— Provided data —
....

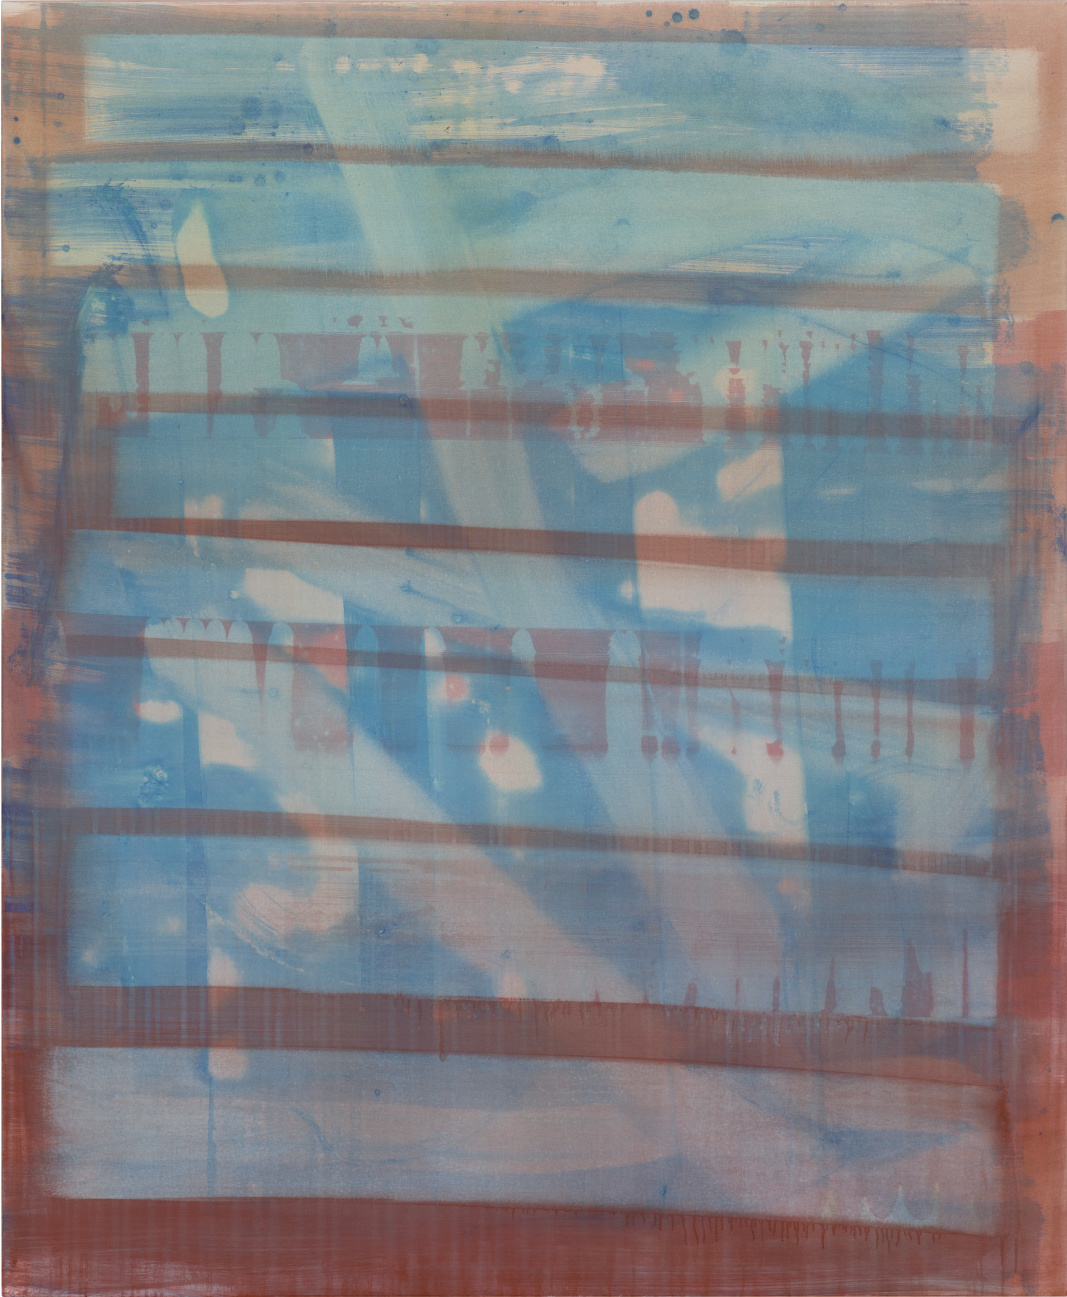 Ohne Titel [17203] | 2017 | Organic Preparation of Pigments on Canvas | 175 x 145 cm | ©Felix Büchel, Courtesy GALERIE ALBER
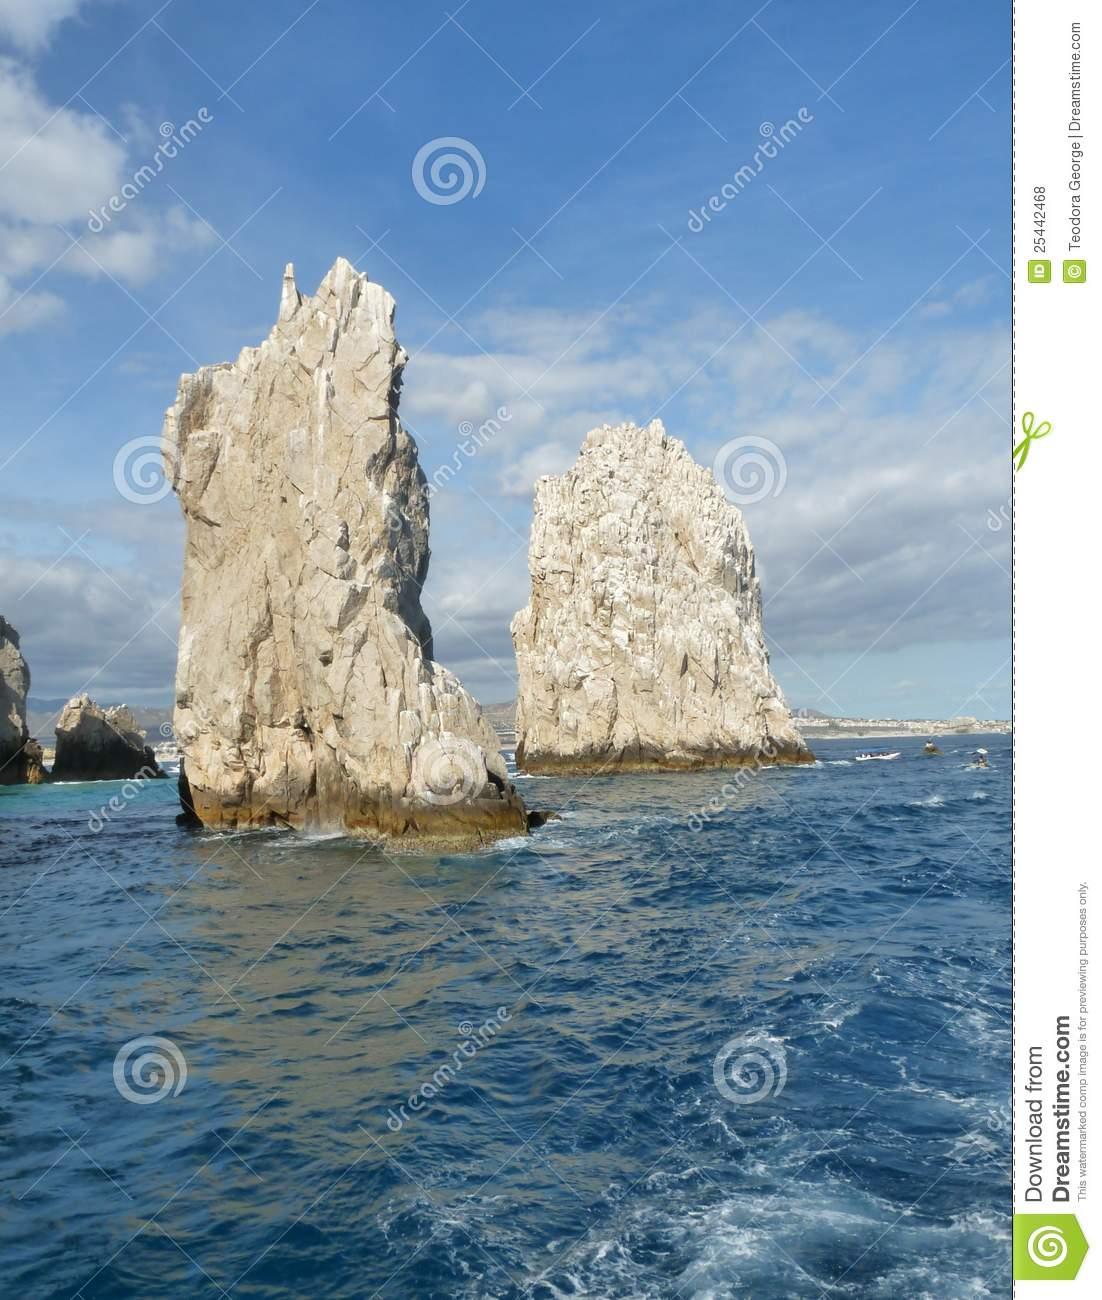 Giant Rocks Clipart.
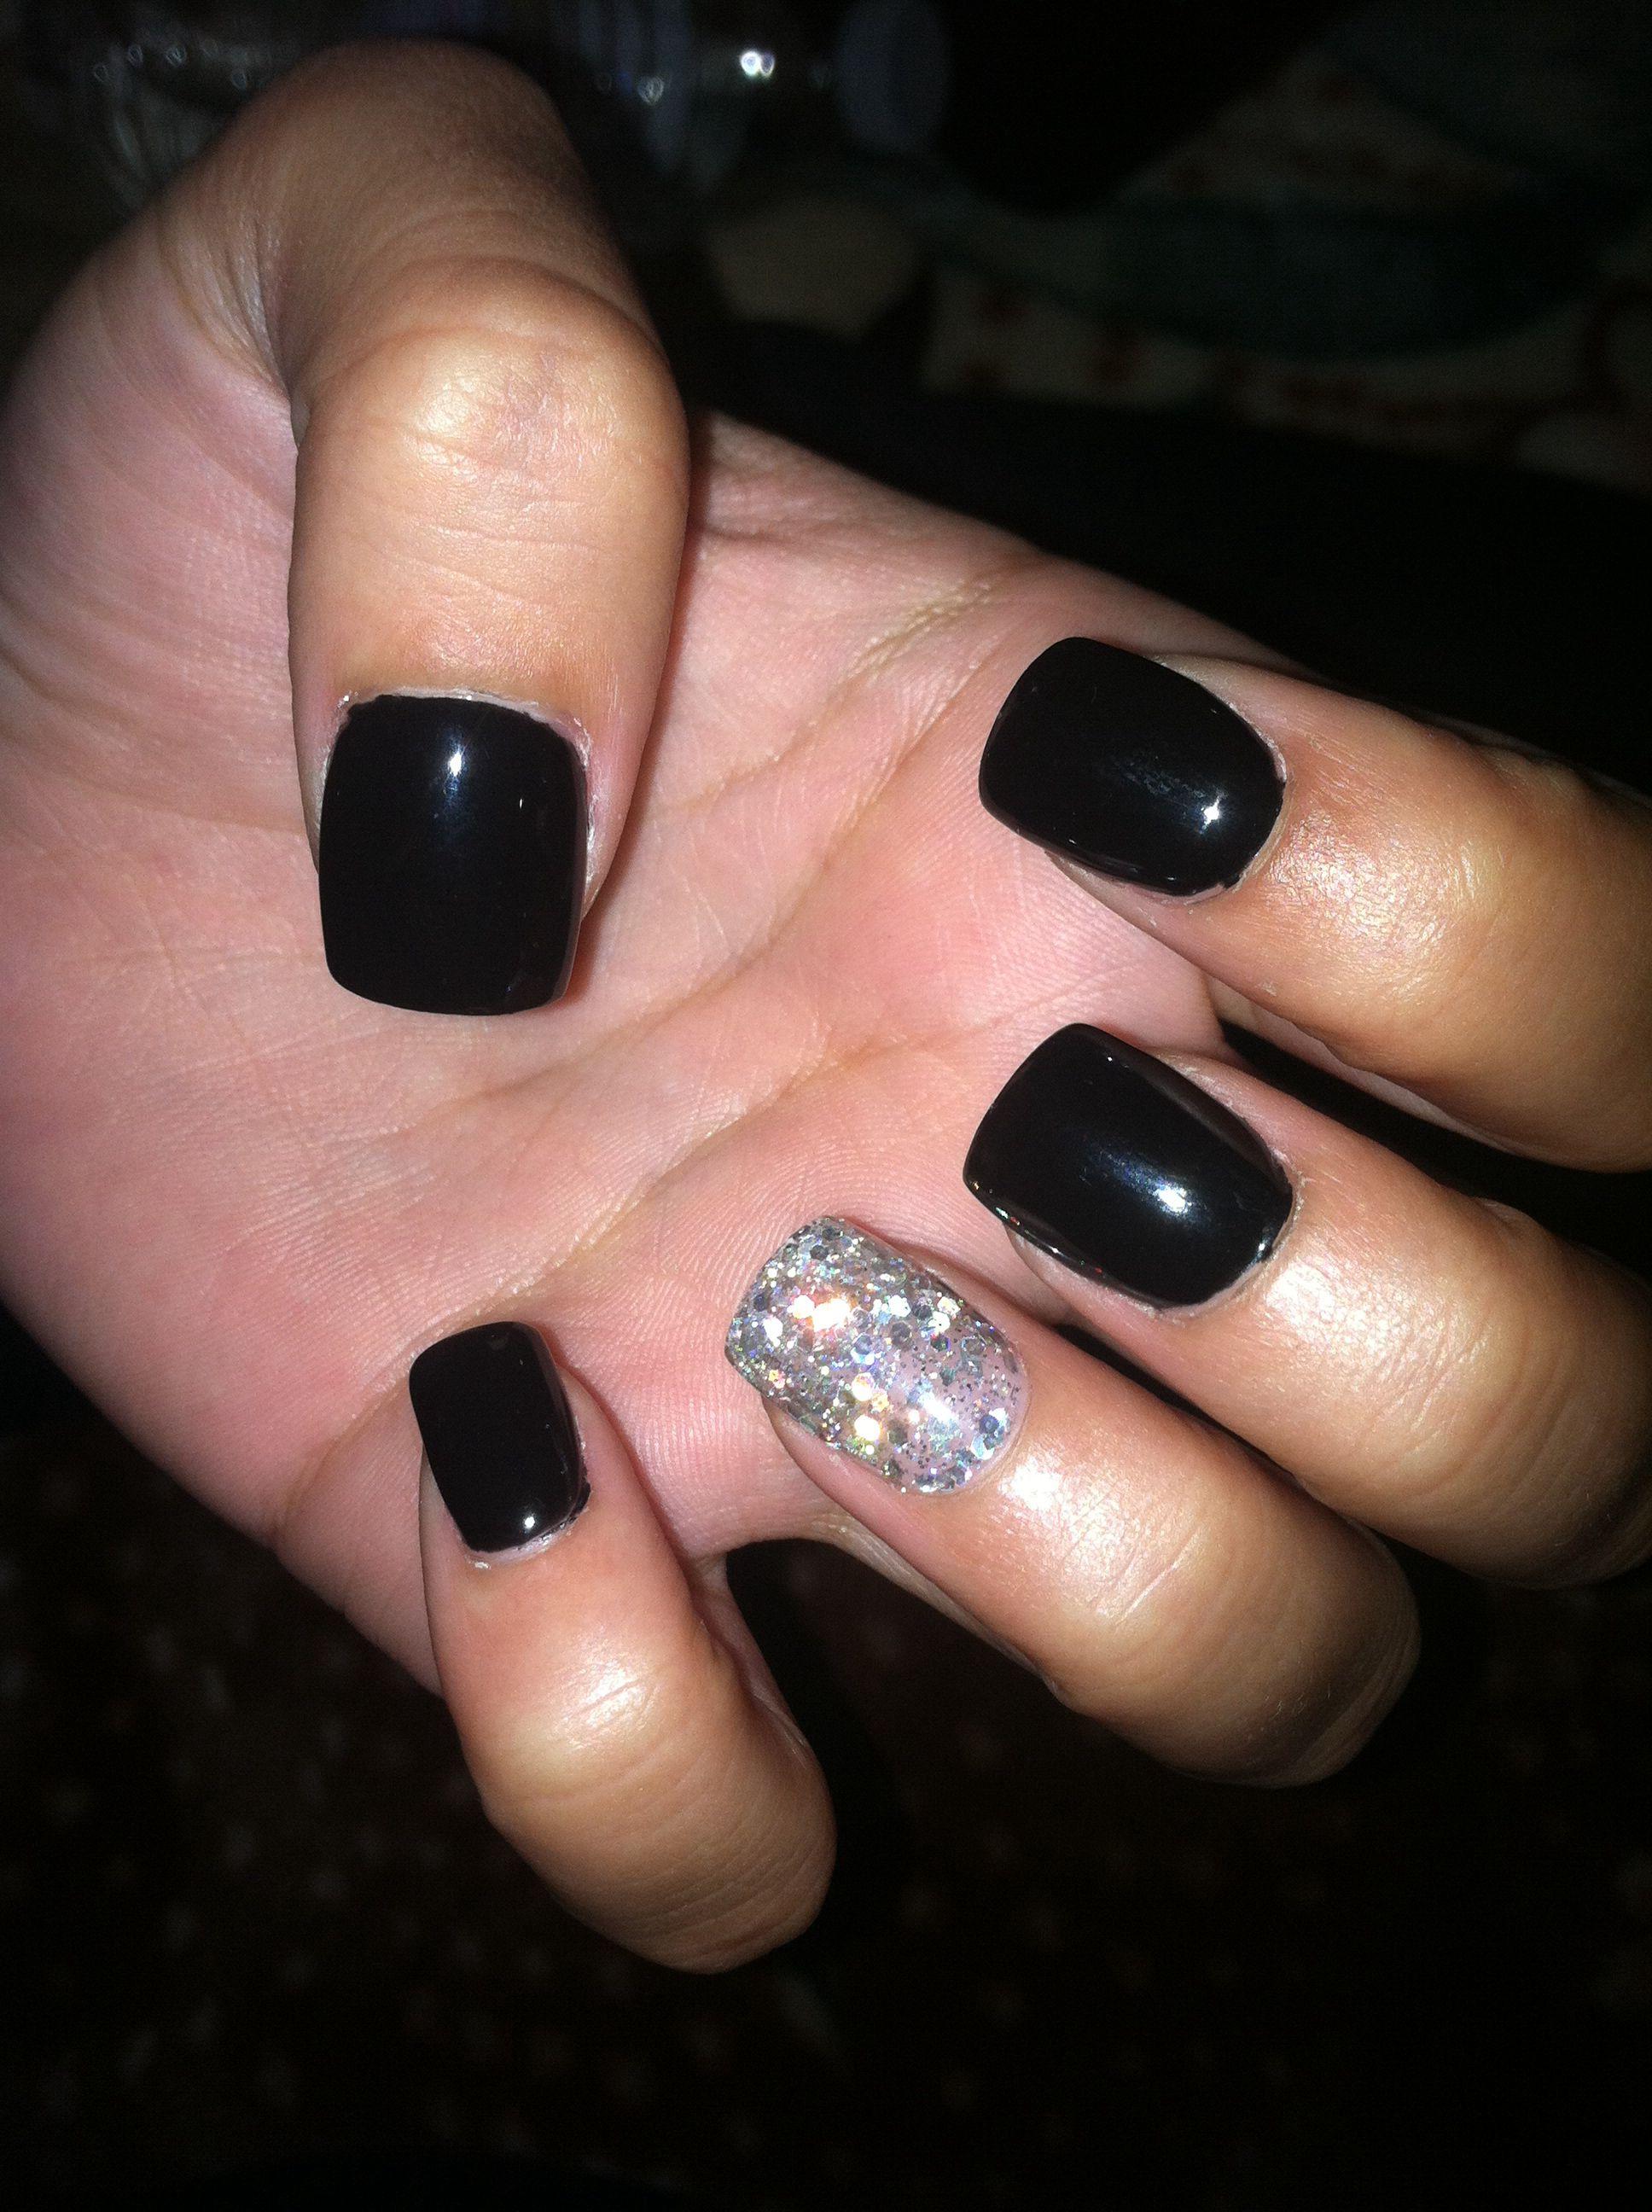 Pin By Liz Negrete On Nails Black Gel Nails Silver Glitter Nails Black Nails With Glitter

....

— What this task involves —
Your task is to repeat exactly the lines from the one containing "Giant Rocks Clipart." through the end of the material, both included, and only those, without pictures.

— Answer below —
 Giant Rocks Clipart.
 Pin By Liz Negrete On Nails Black Gel Nails Silver Glitter Nails Black Nails With Glitter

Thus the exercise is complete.